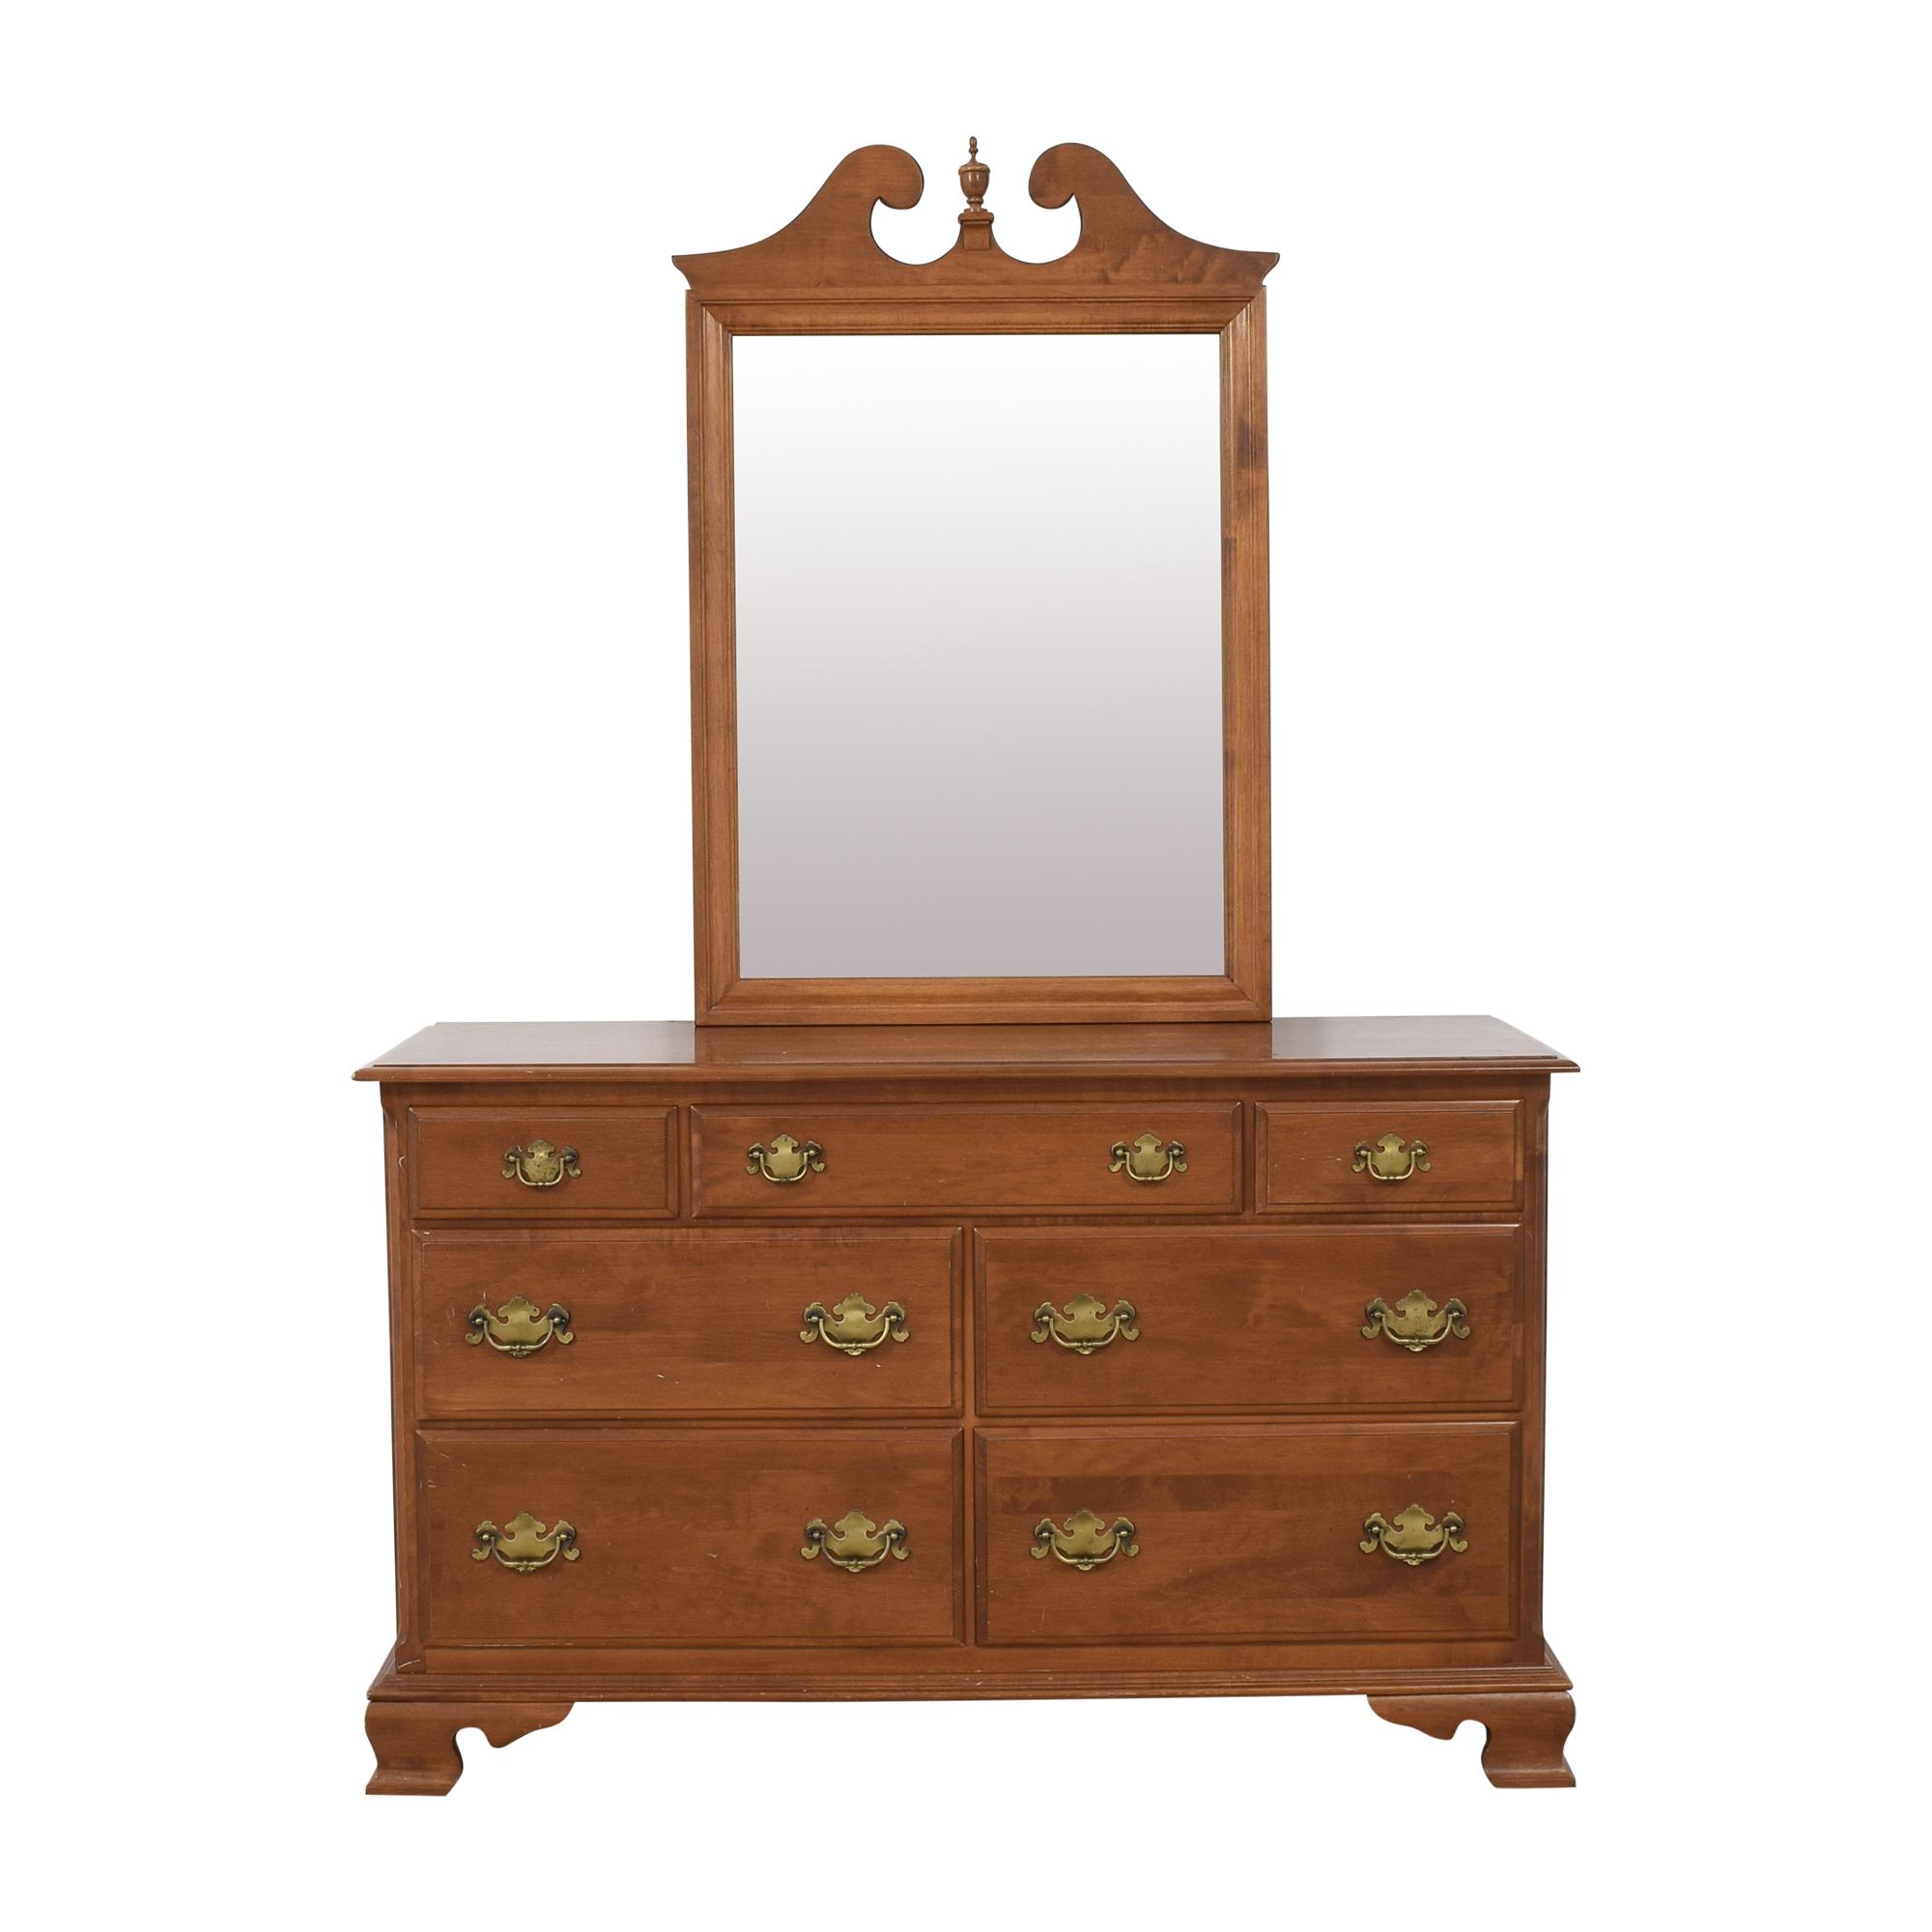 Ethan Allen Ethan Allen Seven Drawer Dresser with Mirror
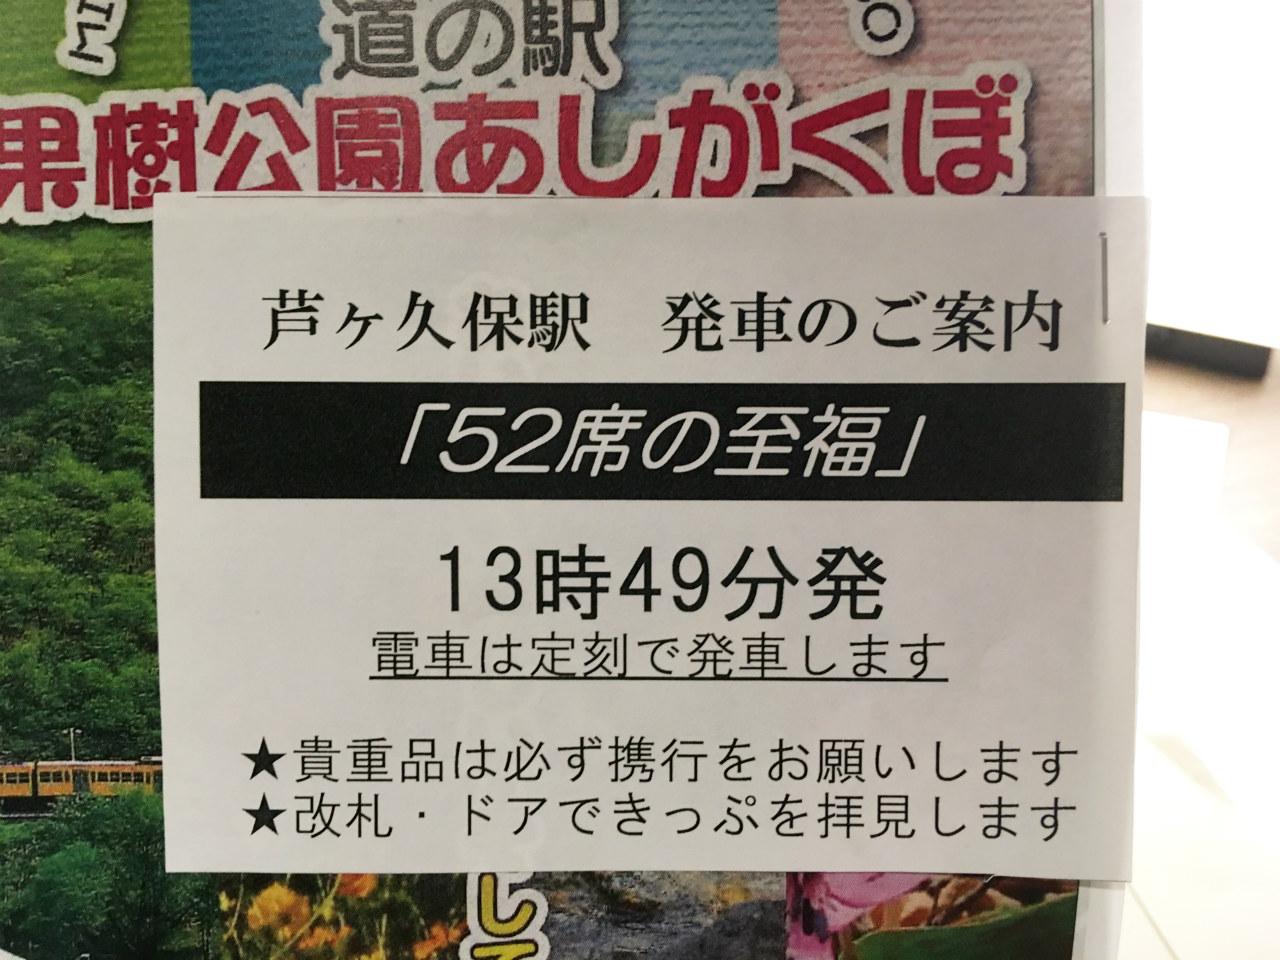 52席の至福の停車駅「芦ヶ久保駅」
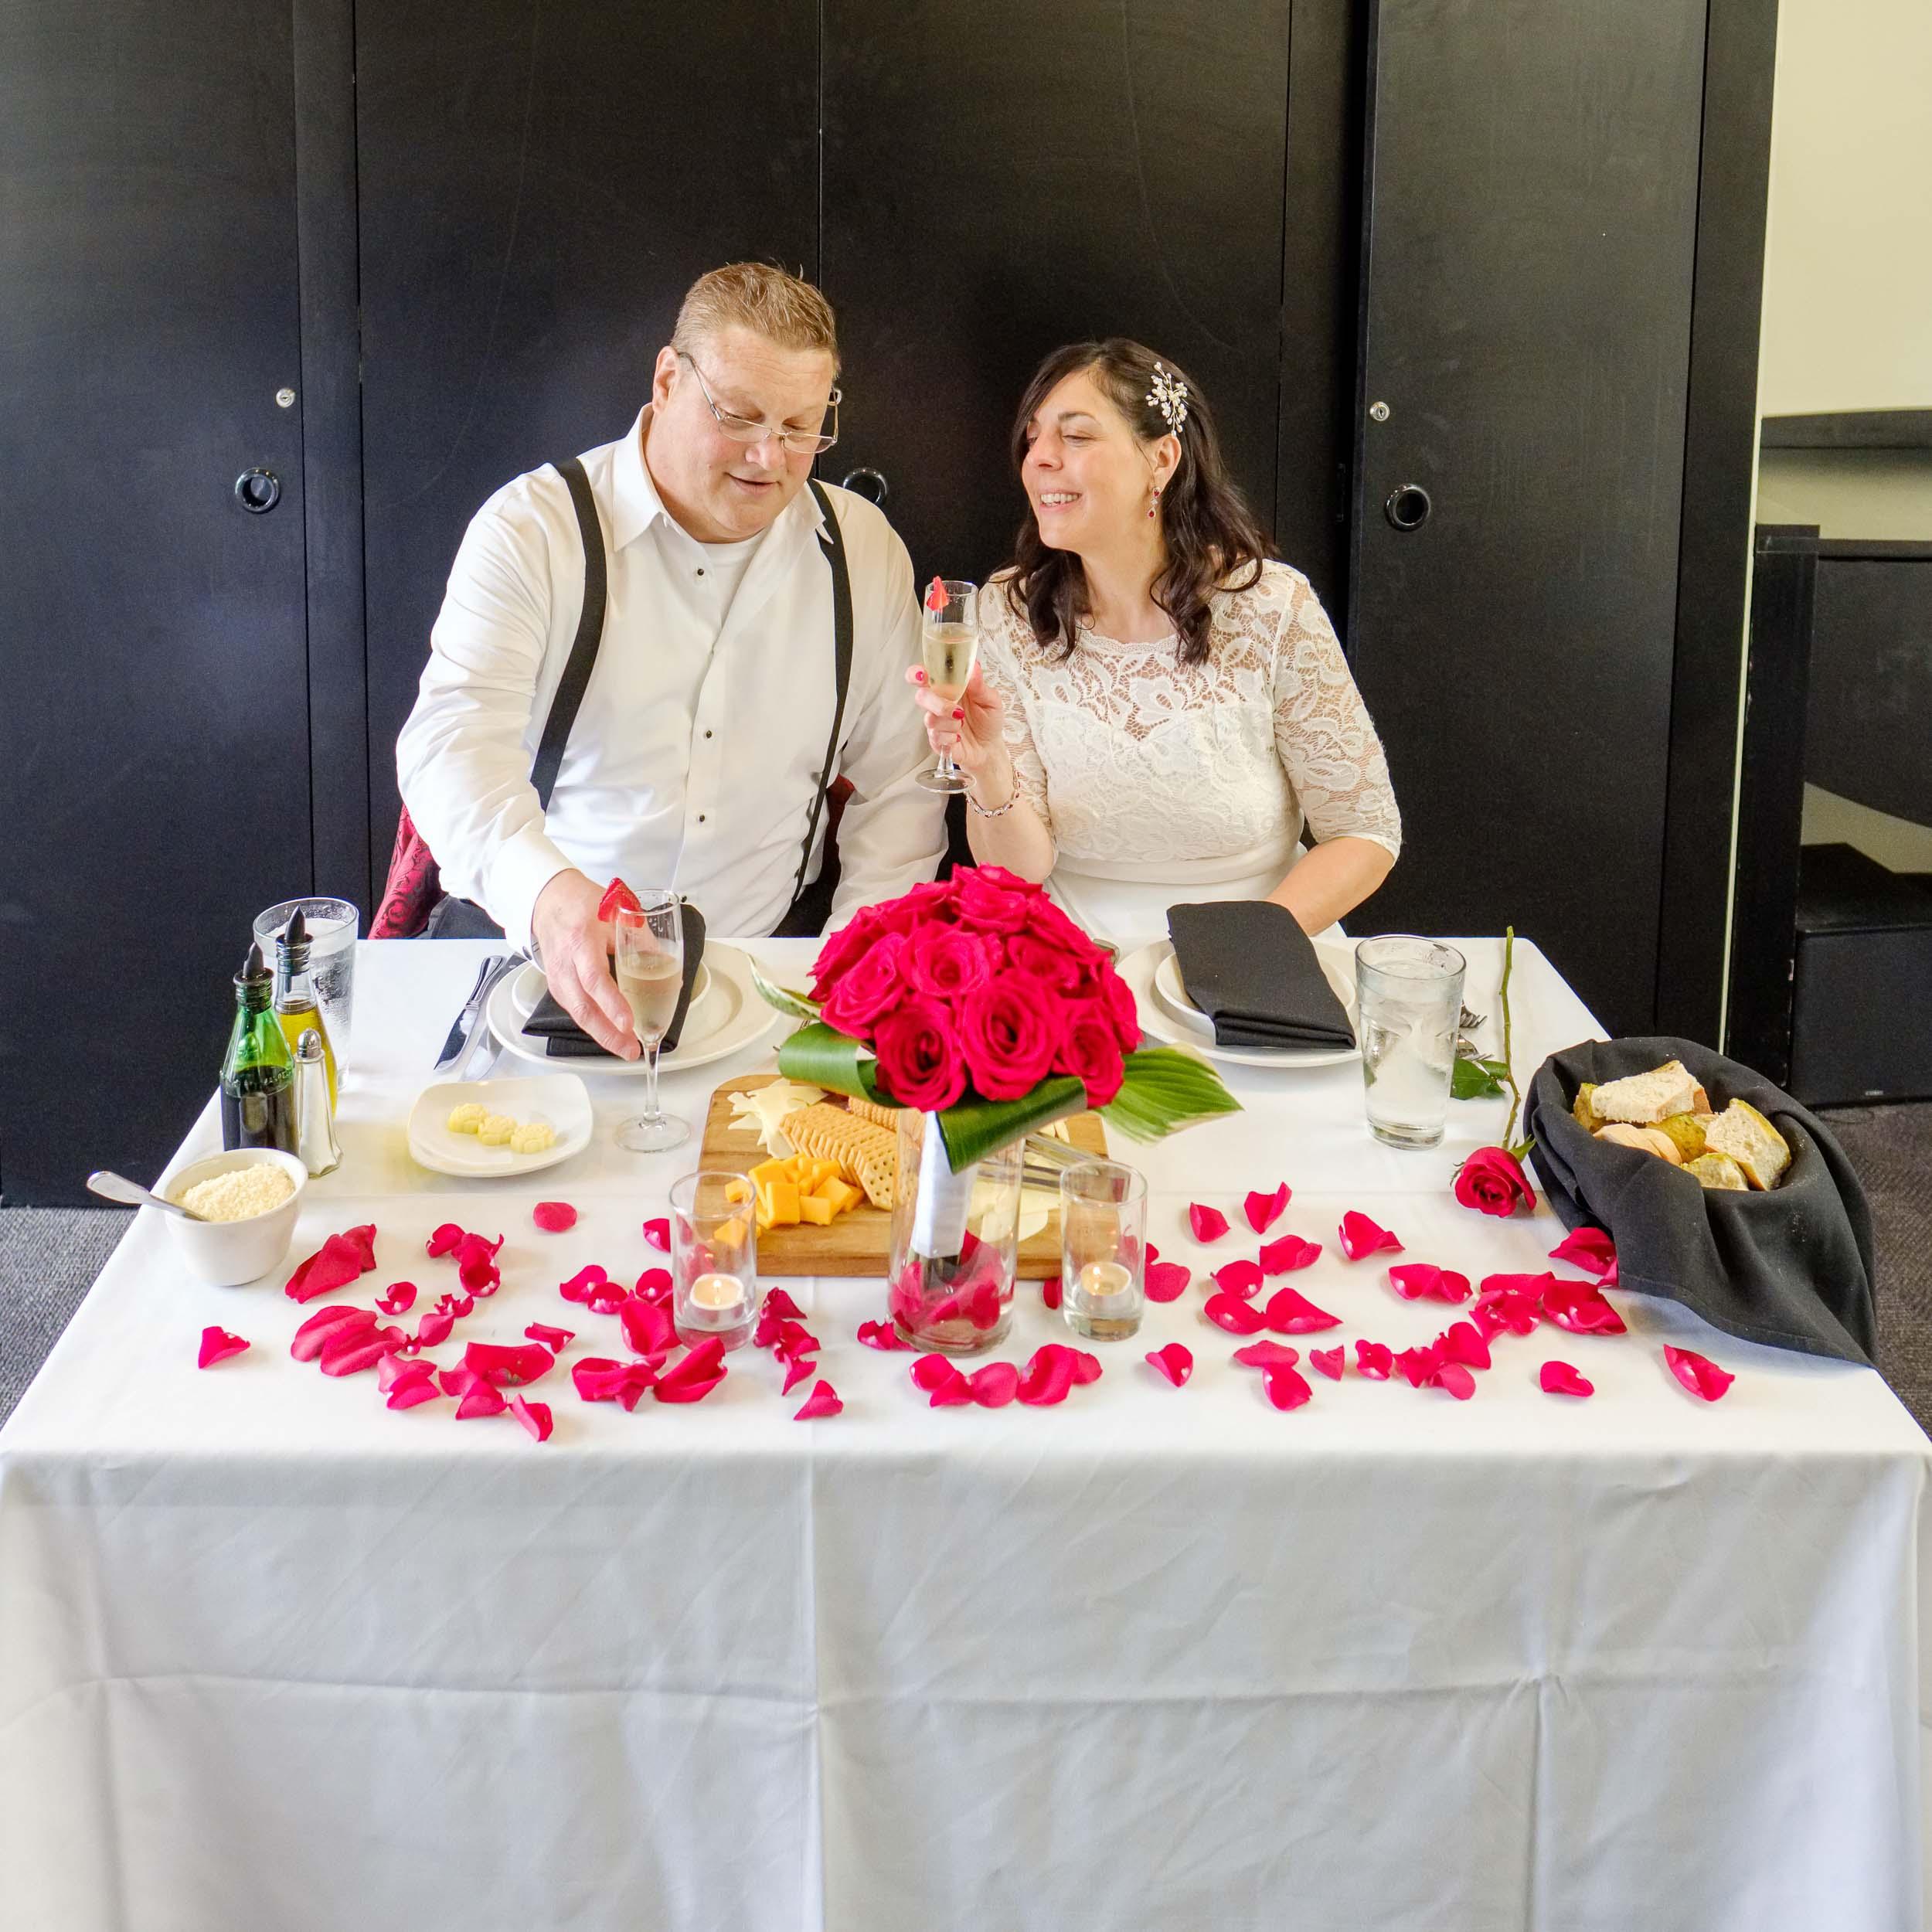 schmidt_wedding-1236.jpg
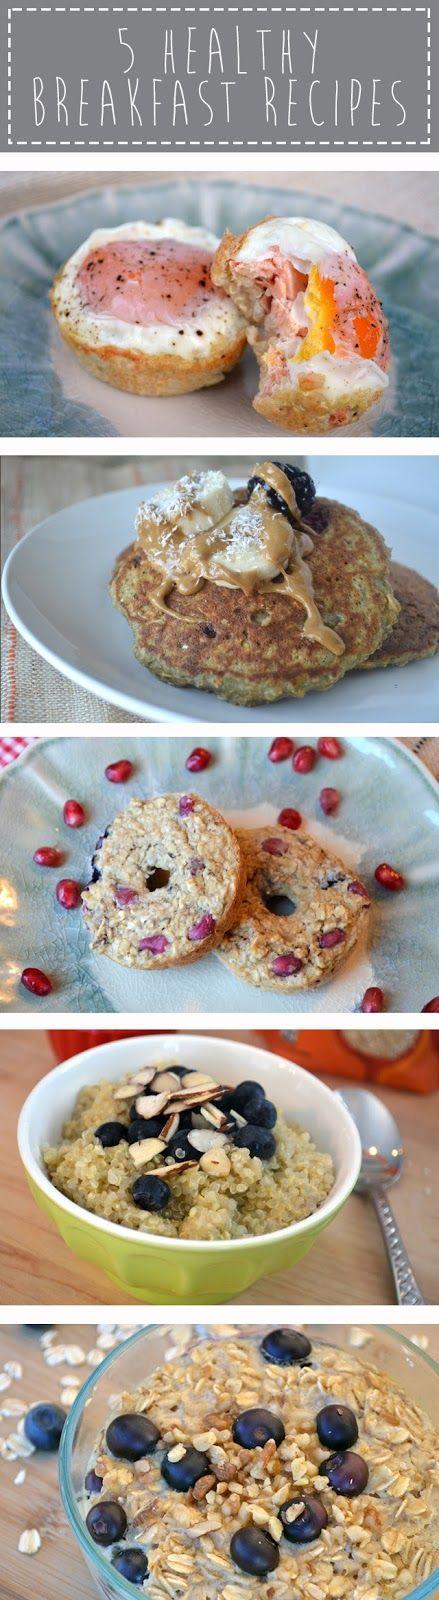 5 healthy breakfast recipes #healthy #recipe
--
> WHAT YOU NEED TO DO
Please output the listing above in full, exactly as given, without its images.

> TASK ANSWER
 Ethan Allen Ethan Allen Seven Drawer Dresser with Mirror
 52席の至福の停車駅「芦ヶ久保駅」
 schmidt_wedding-1236.jpg
 5 healthy breakfast recipes #healthy #recipe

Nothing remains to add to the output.